Rivers went from half shocked to fully so. Gold was . . . special. To give away a
third
of it . . . ?
Sure, that asshole, Malcolm, mentioned gold, but I don't think he was serious.
"For that you get a small corps with the equivalent of twenty-six FSA combat battalions, with adequate combat support, service support and aviation, for a year," Carrera continued, "of which I guarantee two hundred and fifty days' of active campaigning. After that, if things work out, I can cut back both the scale and the intensity to the point that you won't have to pay all that much more than what it cost to keep a full legion in Sumer. Tell that orange-faced, windsurfing gigolo, Malcolm, that he can take it or pound sand. It makes no difference to me. Tell him I'll also have a list of various war materials the FSC
will
let me buy and intelligence and support they
will
provide or it's no deal.
"In addition, there is the matter of support to my naval forces . . . "
"Where the hell does this arrogant son of a bitch think he comes from?" asked Malcolm in a fine rhetorical rage. "Who the fuck does he think he is? Doesn't he know who the fuck I
am
?"
He thinks he's the only one who can save your bacon and the only one who both can and will provide troops willing to fight. He thinks that he has you over a barrel,
thought Rivers, back in the SecWar's office.
And he's right, too.
Rivers felt guilty—he
really
did—at the Progressive SecWar's discomfiture. He should be, he knew, more apolitical, even totally apolitical.
Oh, well, tough shit; I despise the Progressives and I do enjoy watching the SecWar impotently rage
.
In a repeat of Carrera's performance back on the Isla Real, Rivers took a sheet from a folder and passed it over. "This is what it will cost if we don't hire him now. And this," he continued, passing over another sheet, "is how much it will go up in two months. He didn't say so, Mr. Secretary, but I think that if the situation gets worse any faster than he has anticipated, these prices will go up even more."
In the military of most of the world, Class One supply—the most absolutely important class of supply—was food. And it was beginning to run short.
Marciano and his aide, Del Collea, stood outside the command bunker watching a heavy lift Taurcopter Civet stagger in under max load. This was no mean accomplishment with food, the chopper's main cargo, as food tended to cube out a carrier—to fill up its interior space—long before weighting it out. In this case, the Civet had another load slung underneath. Moreover, though it was not normal procedure, the Civet also carried a ton and a half of fuel.
Jets circled overhead. This was a futile attempt at intimidation of the guerillas who had Marciano's Tuscan Ligurini Brigade besieged.
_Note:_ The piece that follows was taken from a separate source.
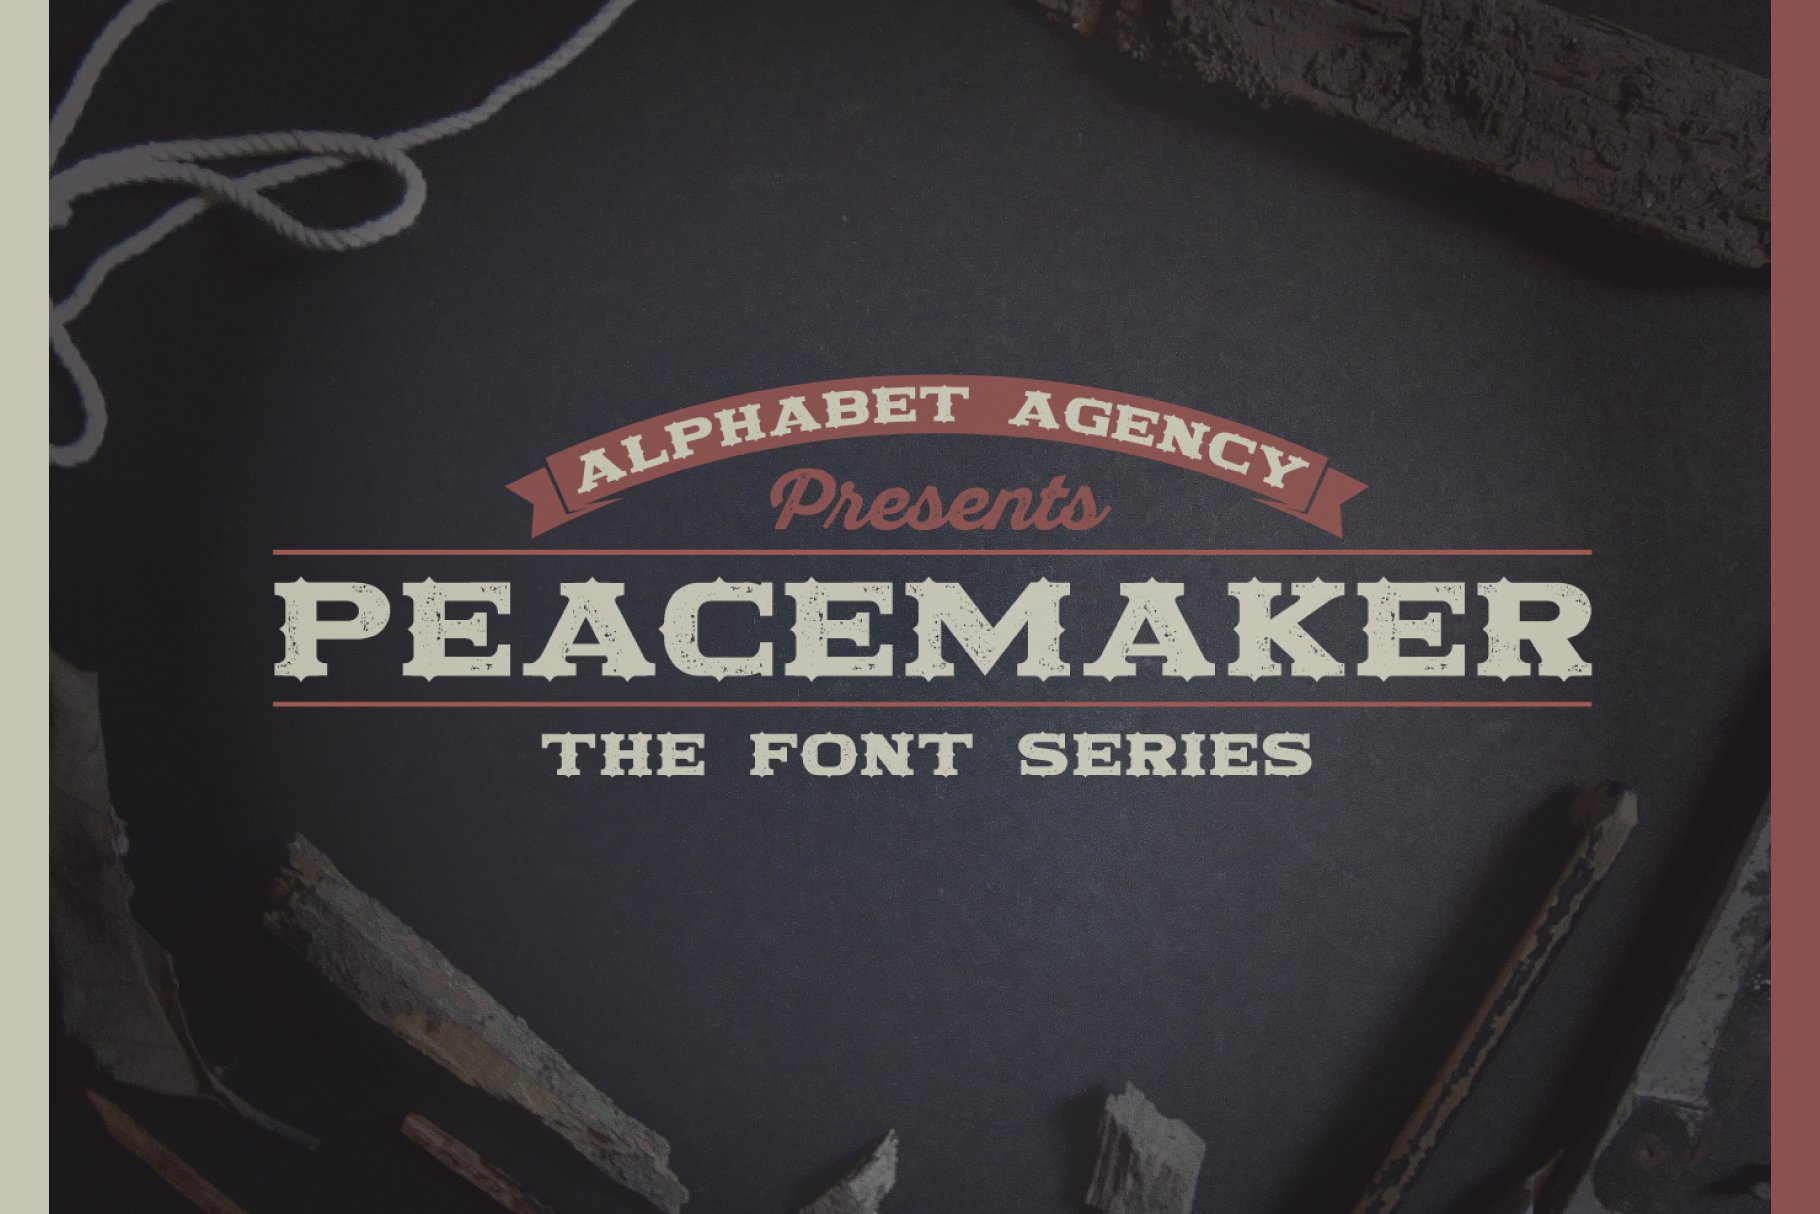 PEACEMAKER FONT SERIES cover image.
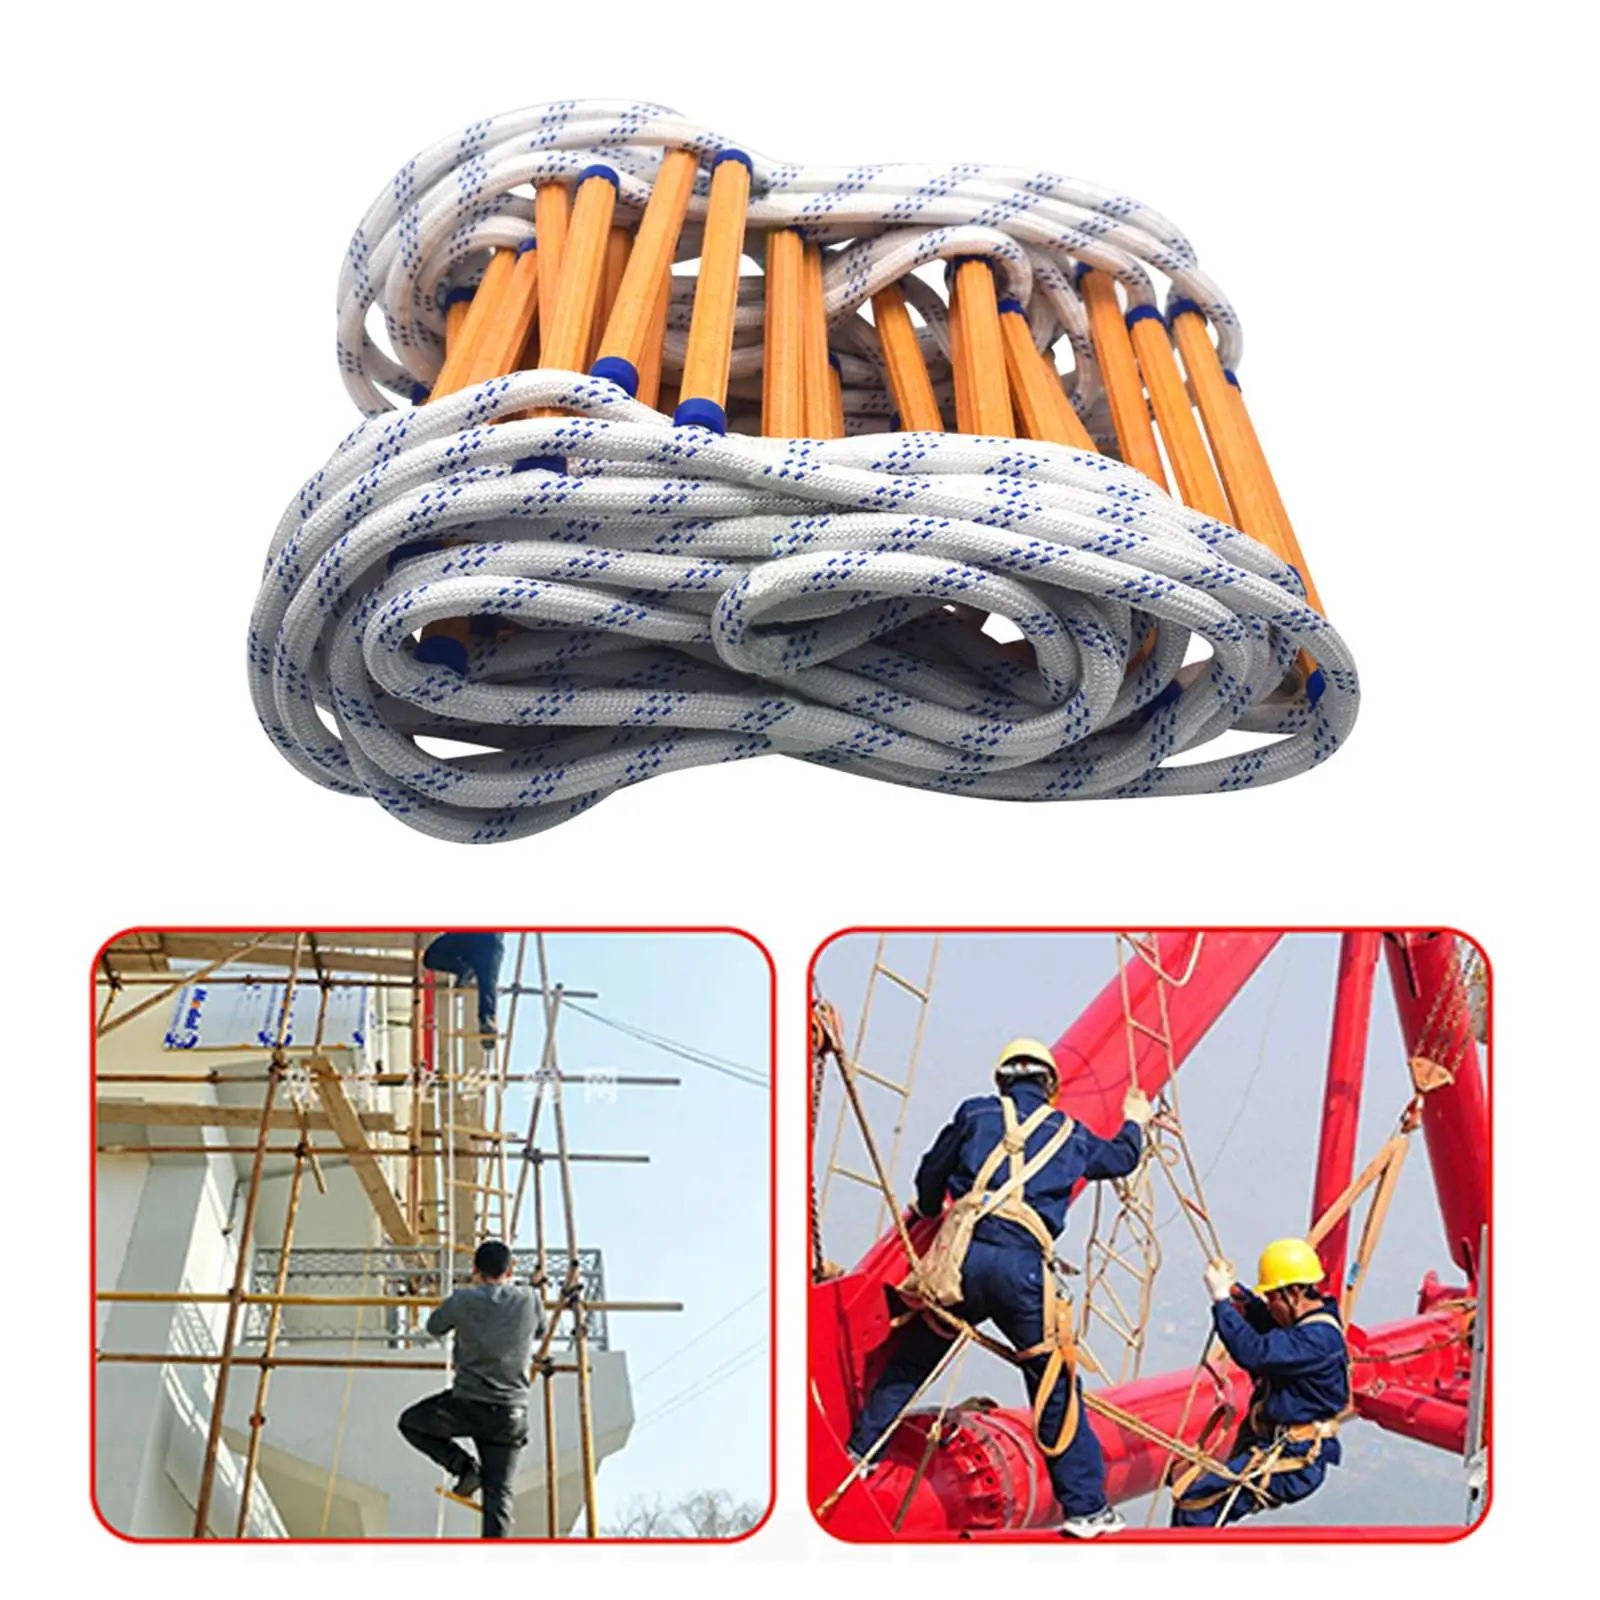 300cm Fire  Ladder, Safety Rope  Ladder with Hook for Kids and Adults Portable and Reusable

The pilots of the jet were under strict orders not to bomb lest civilians be hurt. Deep down, Marciano was beginning to wonder if the political masters in the Tauran Union to which his own country's politicians kowtowed weren't really more concerned that the Tauran forces not harm any of the guerillas. Certainly, the effect of not aggressively engaging the guerillas had been civilian deaths an order of magnitude greater than his forces would have inflicted if they'd gone hog-wild.